Newtown would be wise to consult some of the NFL's elders about how to handle situations like these -- such as Tony Dungy and Chris Carter.  There are better ways to handle situations like these, and one who adopts those better ways ends up getting more endorsements and cementing his legacy better than someone who does not.  Food for thought for the unprecedented QB -- in terms of physical gifts if not gifts in comportment.

One of the adages that emerged after the game was that Newton and the Panthers of course will be back.  Yes, they will show up next season, but a lot has to go right to return to the Super Bowl let alone win it.  In 2004 the Philadelphia Eagles had a young Donovan McNabb and lost 27-24 to the Patriots in the Super Bowl.  Many assumed that the team under Andy Reid would be back.  They were to never return.  Same with the '85 Bears, whose defense transcended imagination.  They did not return either. 

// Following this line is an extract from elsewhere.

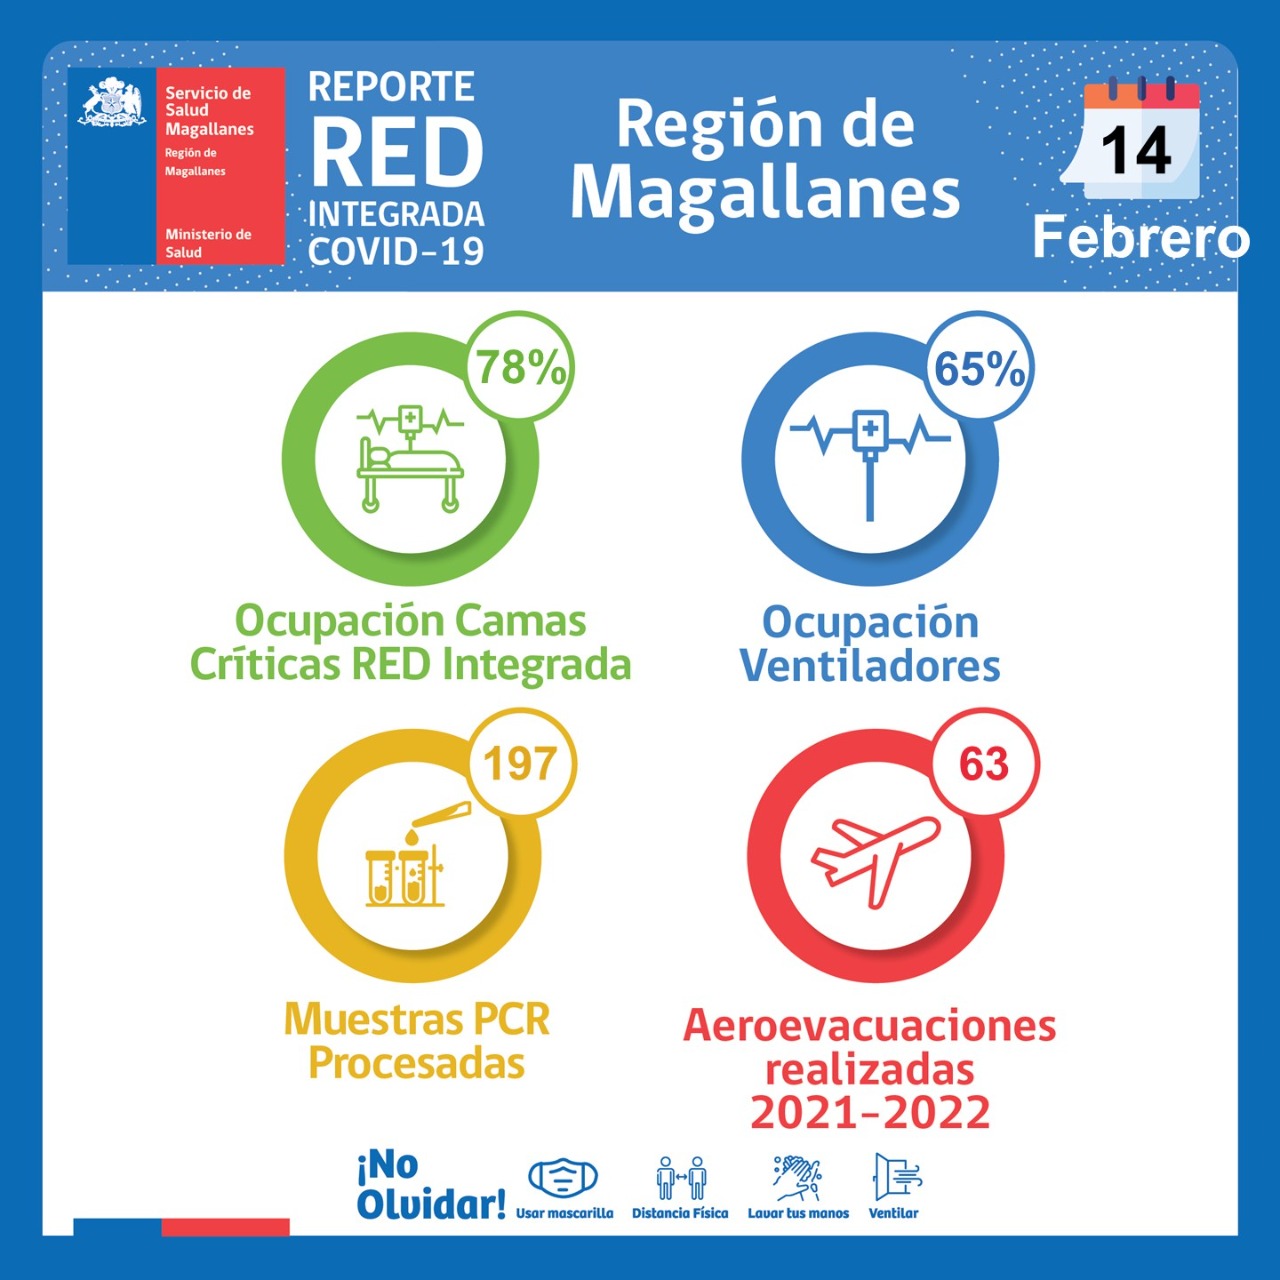 Estado de la red integrada covid19 en Magallanes, lunes 14 de febrero

For the Panthers to return, a lot has to go right.  Players have to get healthy and others have to stay healthy.  The team needs to draft well, sign the right free agents and retain players who no doubt as free agents are more attractive because they played on a Super Bowl participant.  And then they have to work hard and hope that no other team surpasses them. 

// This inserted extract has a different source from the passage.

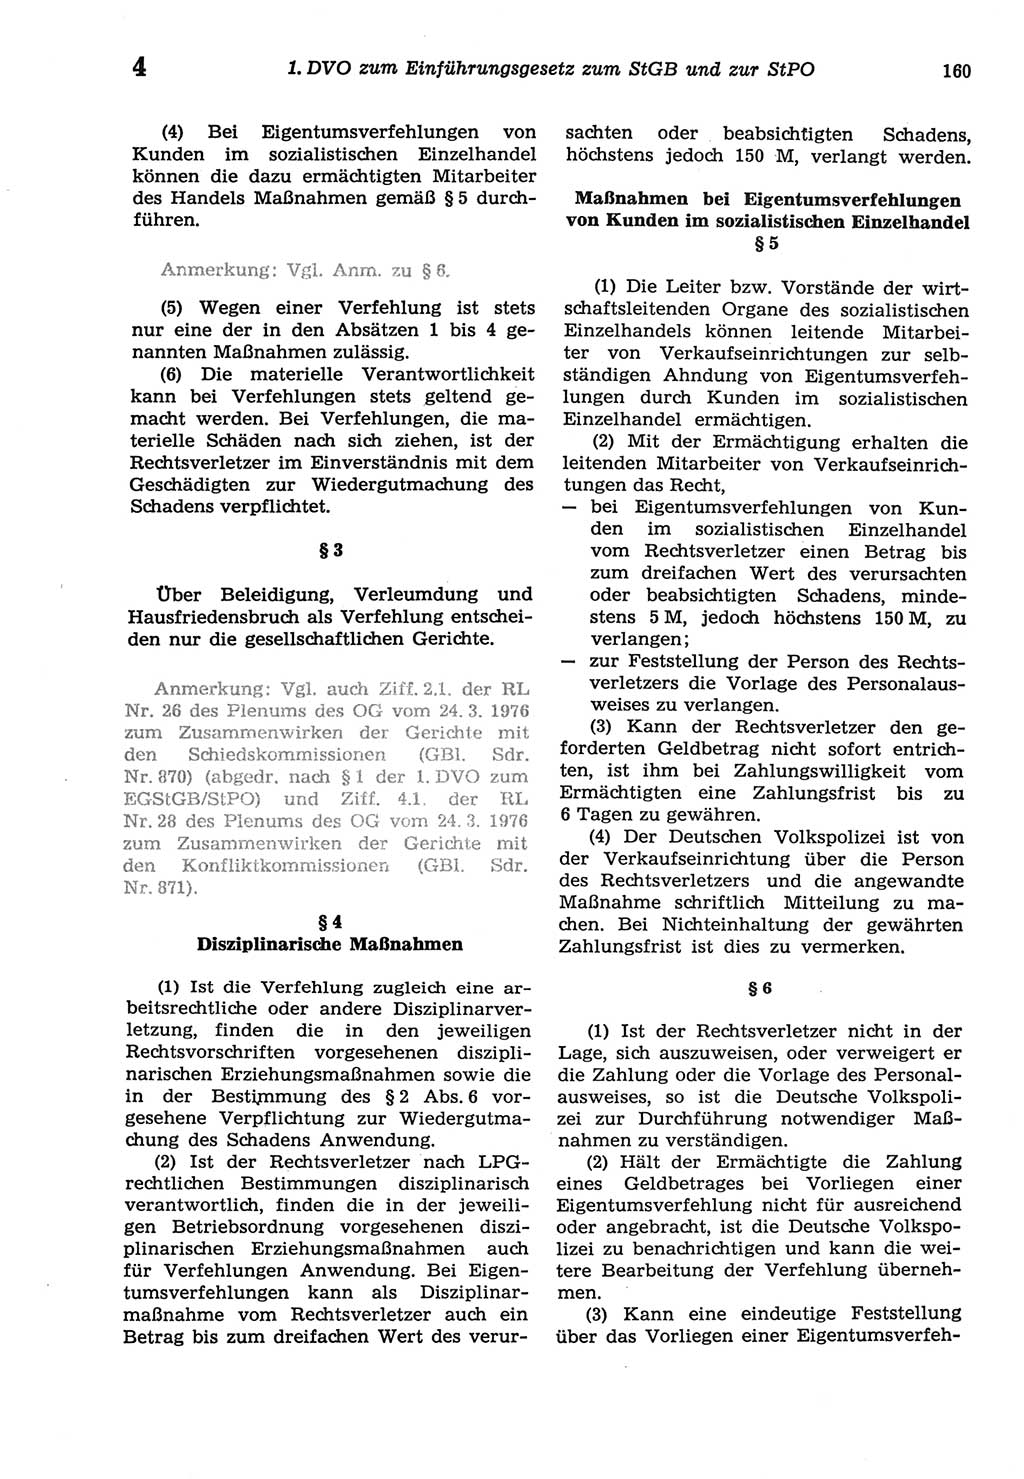 Strafprozeßordnung (StPO) der Deutschen Demokratischen Republik (DDR) sowie angrenzende Gesetze und Bestimmungen 1977, Seite 160 (StPO DDR Ges. Best. 1977, S. 160)

And, finally, perhaps they need their quarterback to take his leadership to the next level. 

It certainly would not hurt.

The January Transfer Period in International Soccer

is like one big gossip column . . . in middle school.  Who is texting who, looking at whom, wants to be looked at, but no one actually comes to the middle of the dance floor.  Yes, there were a few transfers, but when you put then as the numerator atop a massive amount of speculation in the denominator, you realize what a waste of energy it is for fans to believe anything they read in the sports columns let alone read them in the first place.

The truth is that it is very hard to pry a star at a reasonable price mid-year.  First, if he's that good, his team probably needs him, so unless that team has a very deep roster at its position, it will be hurting itself.  An exception, of course, is if the selling team has significant enough money problems that it needs to make the sale to stay afloat or pay other players.  Second, if he's that good, the team will probably jack up the price because usually the suitors need "just another piece" either to win their league, qualify for Champions' League or, horrors, avoid relegation.  And, if the sellers can get teams to bid on the player, the price really will go up.  Third, there is the variable that the player's contract is expiring and that he will not sign a new deal.  Then, the sellers might settle for a reasonable price in order to avoid the player's departure without compensation after the season concludes.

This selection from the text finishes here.